Очень необычна эта с большой непринужденностью «поставленная» сцена и очень далека от стереотипа, возникающего во многих американских книгах, рисующих фермерский быт: состояние чуть не полуживотное, когда хозяйственные заботы и расчеты являются единственным проявлением умственной деятельности. Не только фермер-философ Эд Томас (для его огромного монолога-прощания с жизнью автор позаимствовал куски из книги Н. Перрина о природе Вермонта), или его жена, старая учительница, или Эстелл Паркс, старая библиотекарша, но и бессловесный Льюис, зять Пейджа, способный как будто бы лишь плотничать и штукатурить, — люди интеллигентные в своей душевной основе, с богатым потенциалом внутренней жизни. Видимо, давние культурные традиции Новой Англии, этой колыбели науки и образования на северо-востоке страны, поддерживают некий огонек, освещающий однообразную и нелегкую жизнь Джеймса Пейджа и окружающих его людей. И огонек этот не должен угаснуть, он передается детям и внукам, помогает им противостоять натиску субкультуры, пошлого стандарта — натиску угрожающему и реальному.

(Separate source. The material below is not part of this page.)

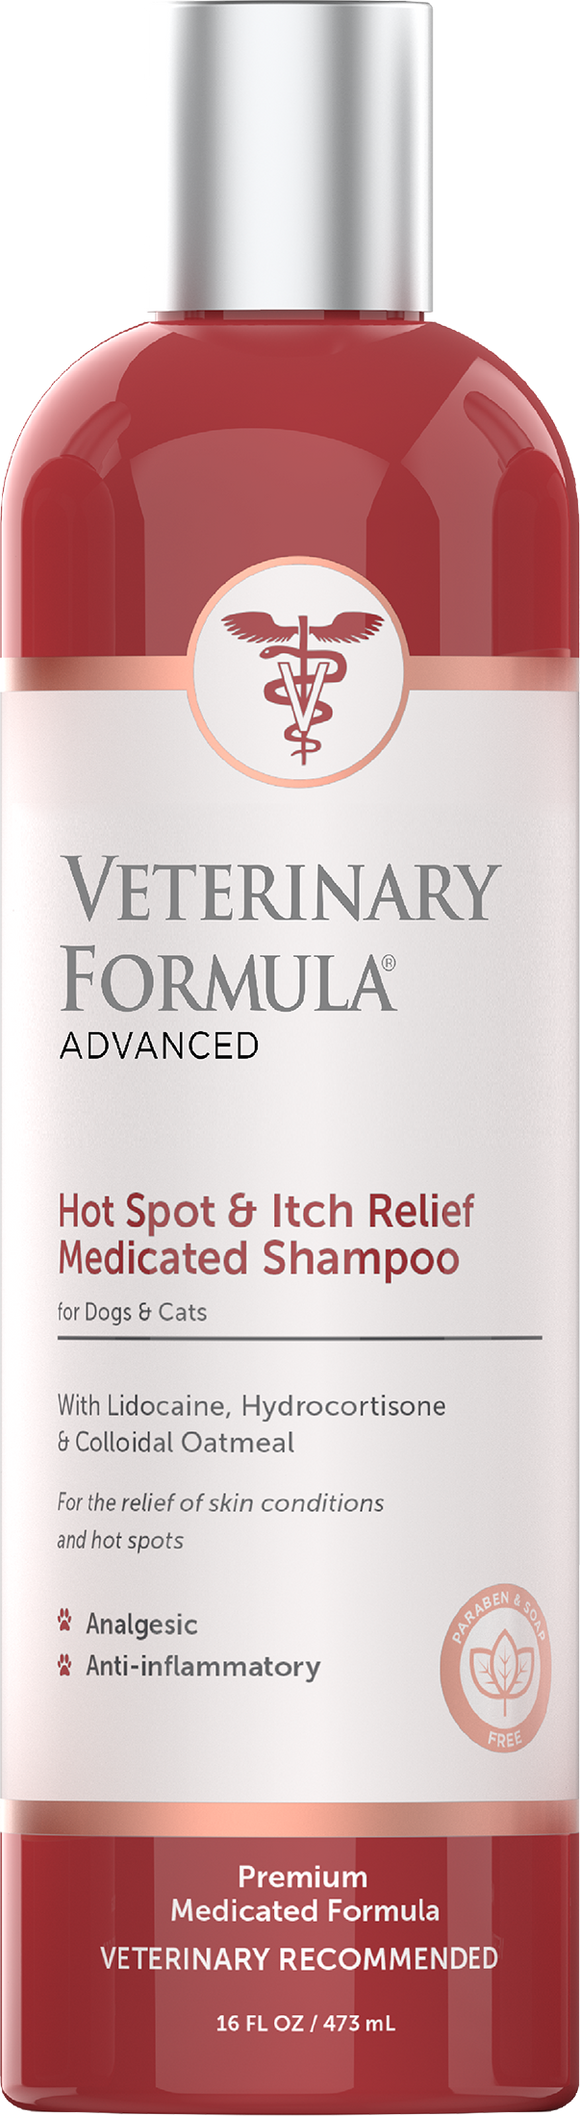 Veterinary Formula Hot Spot & Itch Relief Medicated Shampoo

Но если бы лишь к этому свелось содержание «Осеннего света», перед нами возник бы еще один вариант «пасторального романа» (подзаголовок «Никелевой горы»), хотя и там громоздились события, в пастораль не умещающиеся. Здесь же тревога, конфликт, чувство опасности заложены в фабулу изначально, хотя и не без примеси комического. Истоки давней катастрофы, непоправимо подорвавшей течение жизни Джеймса — самоубийства его двадцатипятилетнего сына, — в свойствах натуры человеческой: нетерпимости к чужим слабостям, нежелании понять иной склад характера, короче говоря, в тупой деспотичности. Именно потому, что Джеймс безумно любил своего Ричарда, он не прощал ему ничего, запугивал, внушал неверие в себя, болезненную робость. Примерно так же складывались отношения с покойной женой, а затем — со старшей сестрой, которая после смерти мужа-дантиста перебралась к Пейджу. Старик в своей неистребимой гордыне и самоуверенности мучает ближних, но и мучается сам, потому что сам он также раним и нуждается в человеческом тепле. Ситуация знакомая, универсальная, чтобы встретиться с ней, не надо ехать в Америку. Но формы, которые принимает несуразная семейная свара, диктуются самой действительностью, конкретными приметами места и времени.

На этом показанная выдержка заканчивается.